The capitalization ratio compares total debt to total capitalization (capital structure). The capitalization ratio reflects the extent to which a company is operating on its equity.

This ratio helps in the assessment of risk. The companies with high capitalization ratio are considered to be risky because they are at a risk of insolvency if they fail to repay their debt on time.

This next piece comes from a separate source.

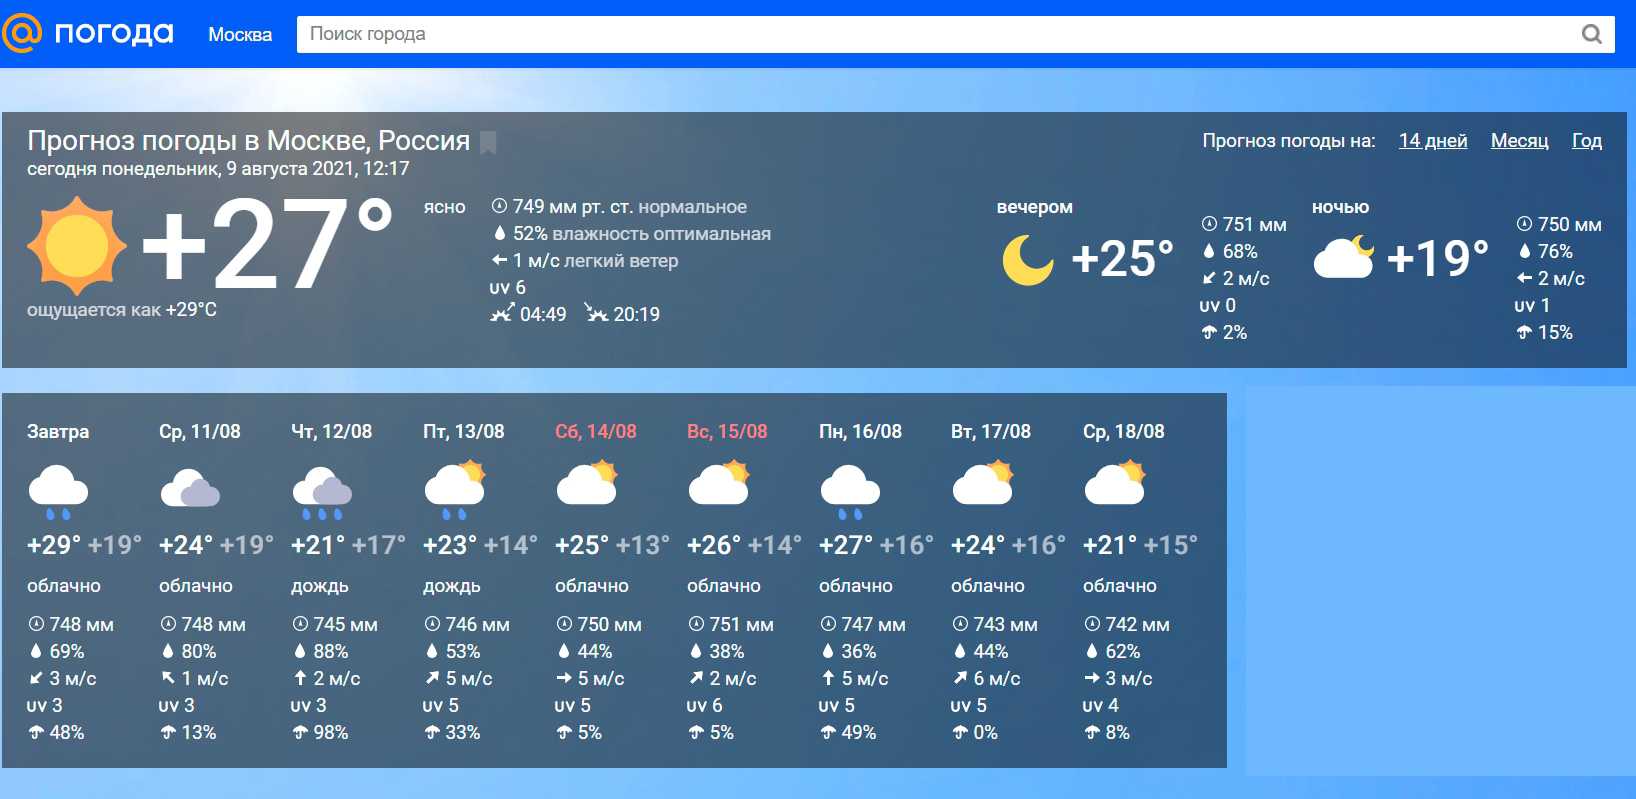 Погода на 3 дня киров самый точный. Наиболее точный прогноз погоды.. Прогноз погоды в Москве. Какой лучший сайт прогноза погоды. Какая погода самая точная.

Companies with a high capitalization ratio may also find it difficult to get more loans in the future.

International Breweries’ total liabilities to total asset ratio (another capitalization ratio) stood at 0.97 times or 97 percent, and a ratio above 50 percent means there are more debt than equity in the balance sheet of an entity.

The company recorded as loss of N9.13 billion to end 2019 financial year as sales reduced by 5.26 percent, the first drop at the top lines (revenue) in 5 years.

The brewer’s total equity or shareholders’ fund dipped by 72.61 percent to N9.57 billion as at December 2019, while it has a negative retained earnings of N686.15 million.

A negative retained earnings means a company has been recording recurring losses.

Analysts say the brewer will have to grow sales and beer volumes in order to cover all its obligations, but the current economic macroeconomic environment has not been supporting growth.

Weak consumption spending as a result of slow wage growth, poor job creation, and eroding impact of double digit inflation has hindered a lot Nigerians from hitting the bars.

According data from Fitch solutions, household income is estimated to have grown by 8.8 percent year on year y/y to $4,252 in 2019 from US $3,908 in 2018 .2019’s 8.8 percent year on year growth is lower than the 10 .7 percent year on year (y/y) growth in 2018.

However, double digit inflation continues to hurt consumers’ ability to increase expenditure which in turn continues pressure consumer companies’ revenue.

The year 2019 marked the 7th consecutive year of inflation growing faster than income growth.

High unemployment rate at 23 percent as at the third quarter of 2019 continues to hurt consumer ability to increase expenditure which in turn continues to pressure brewers.

However, there is light at the end of the tunnel for International Breweries as parent company, Anheuser-Busch InBev, world’s largest brewer, plans to inject capital into its Nigeria’s operations via a rights issue of N165 billion.